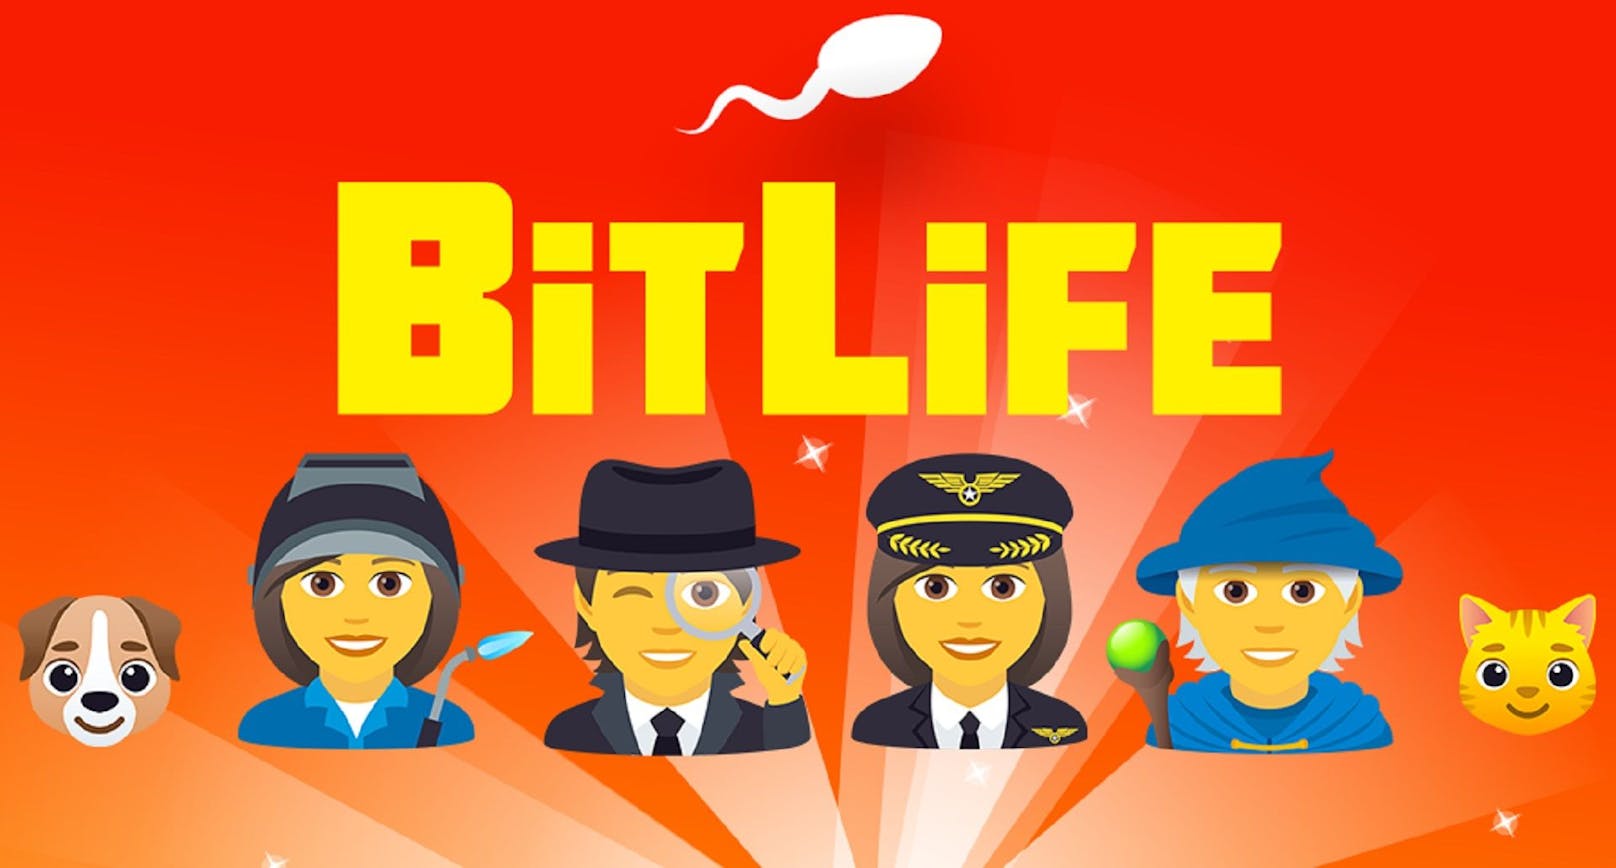 72 Millionen virtuelle Leben in einem Jahr: BitLife überzeugt international.
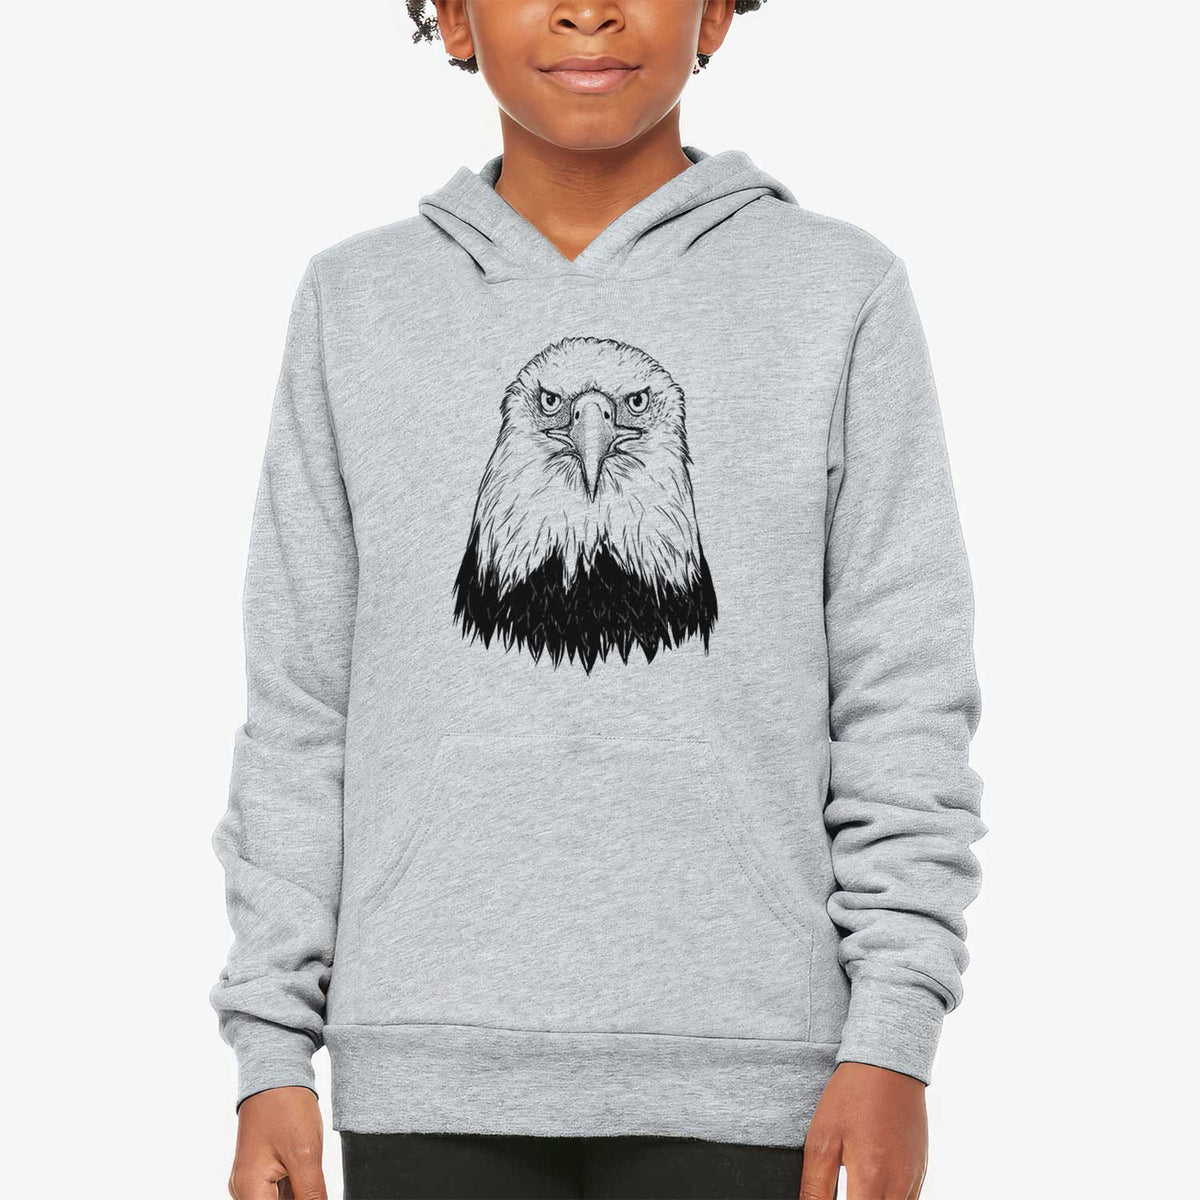 Haliaeetus Leucocephalus - American Bald Eagle - Youth Hoodie Sweatshirt
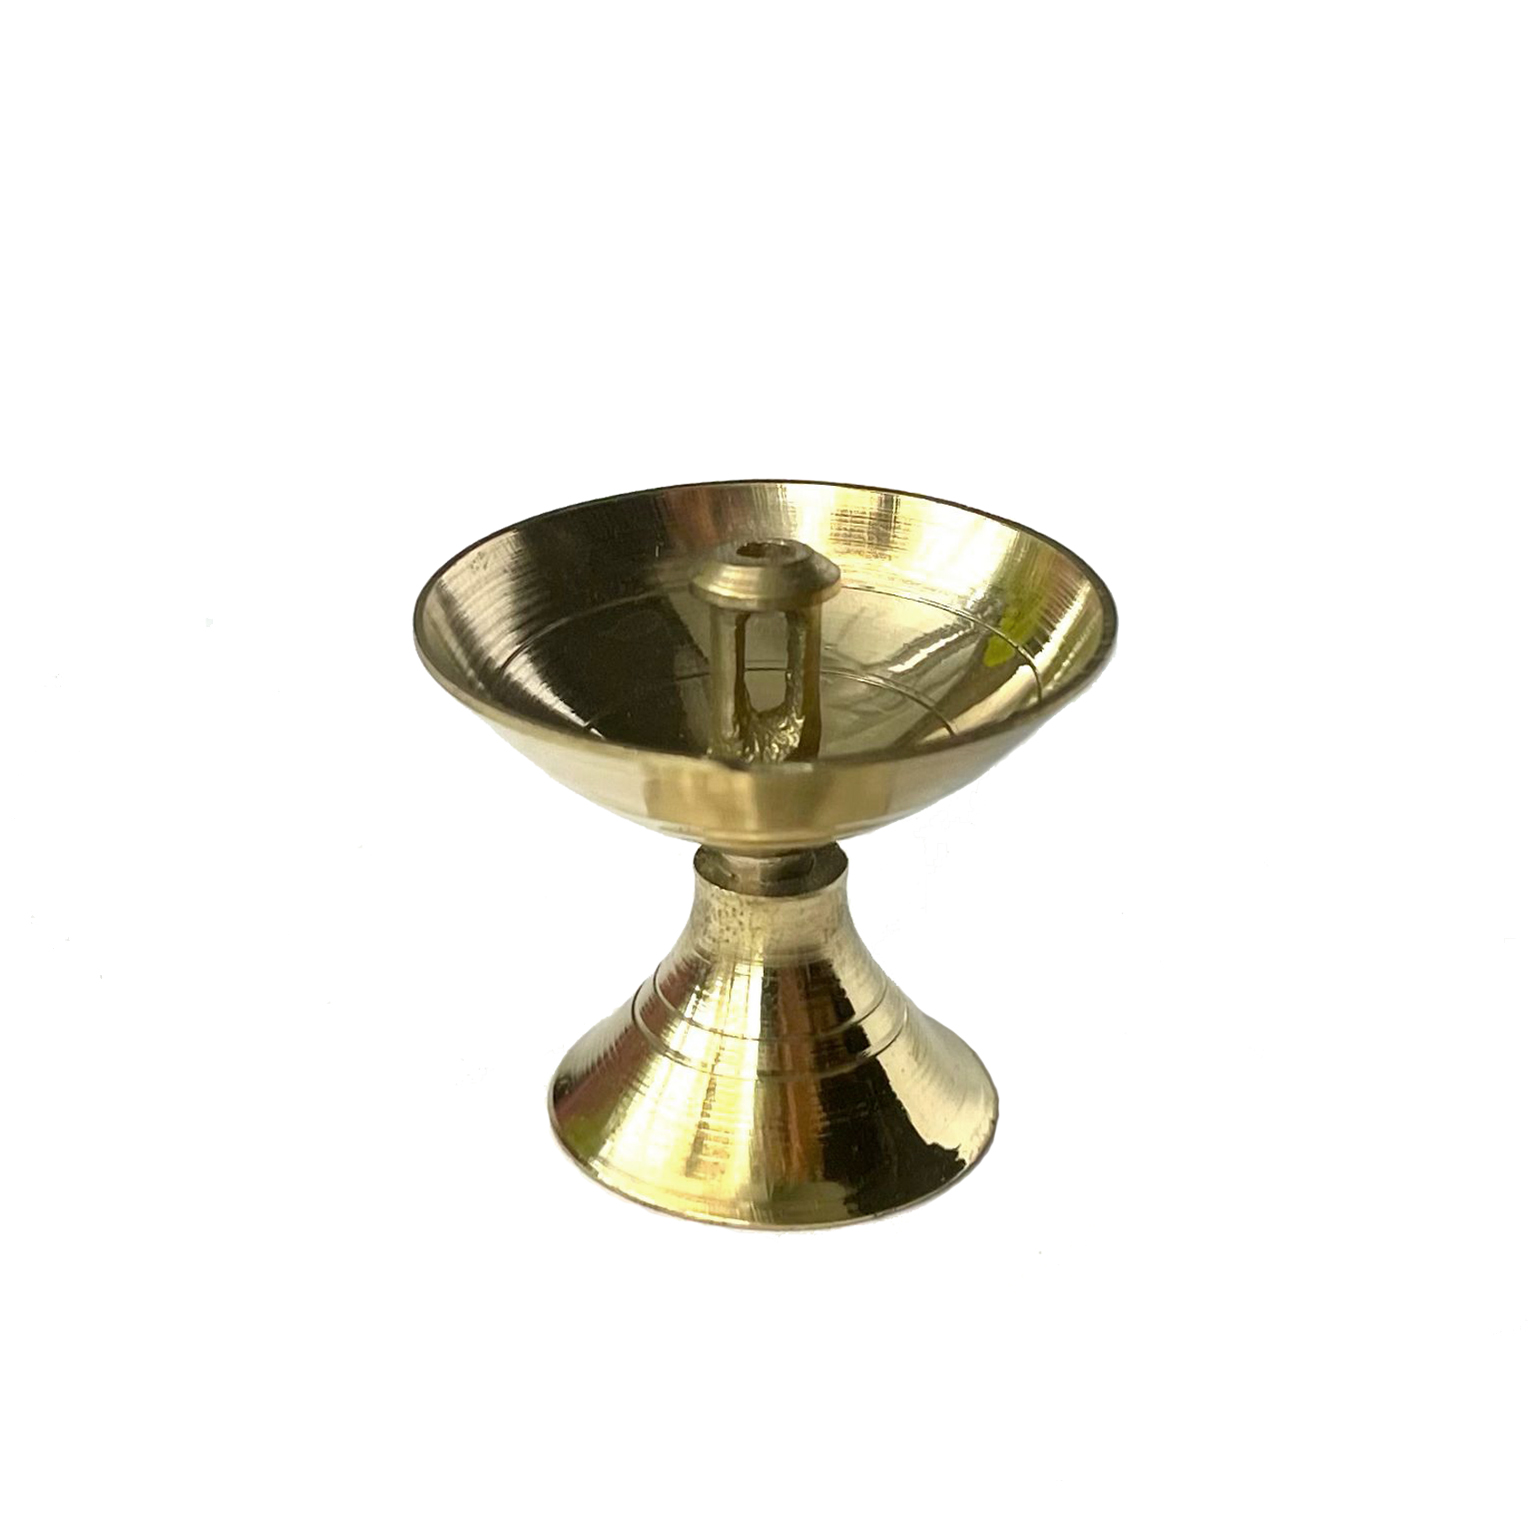 Лампадка МАЛАЯ (латунь, диаметр 4 см., высота 3,2 см.), 1 шт.
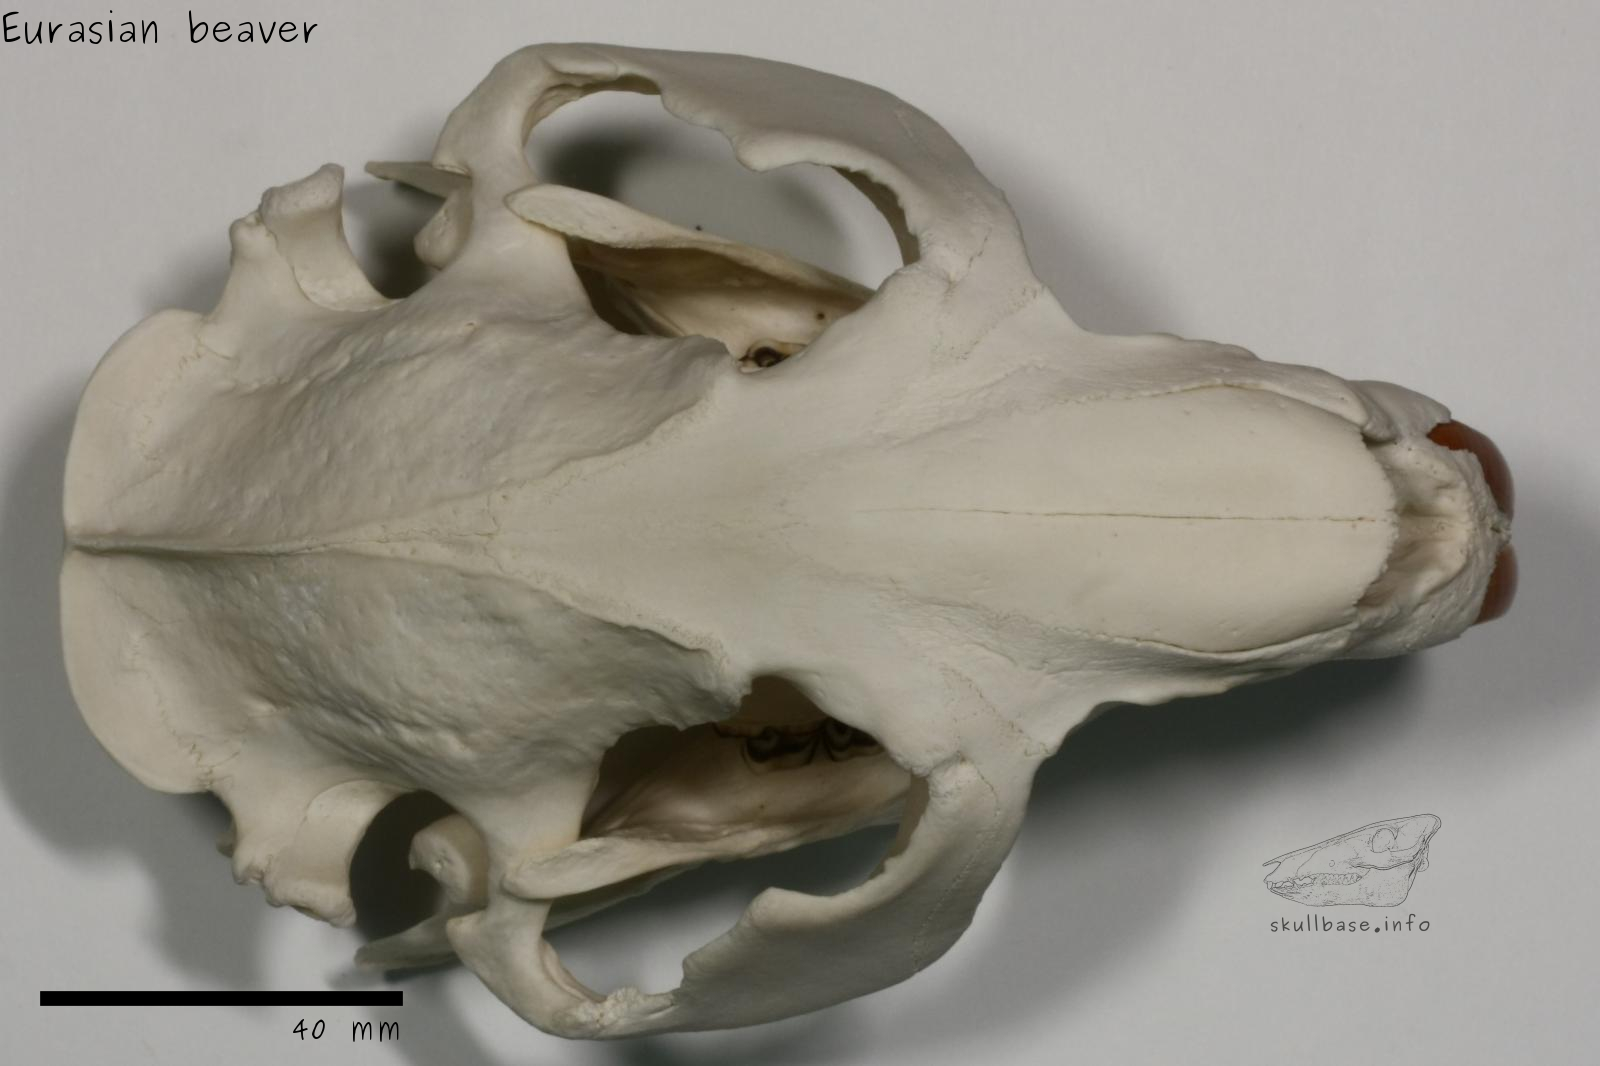 Eurasian beaver (Castor fiber) skull dorsal view

-- Exercise aim --
Your copy must repeat the data word for word and show none of its images.

-- Output of the exercise --
 72 Millionen virtuelle Leben in einem Jahr: BitLife überzeugt international.
 Haliaeetus Leucocephalus - American Bald Eagle - Youth Hoodie Sweatshirt
 Лампадка МАЛАЯ (латунь, диаметр 4 см., высота 3,2 см.), 1 шт.
 Eurasian beaver (Castor fiber) skull dorsal view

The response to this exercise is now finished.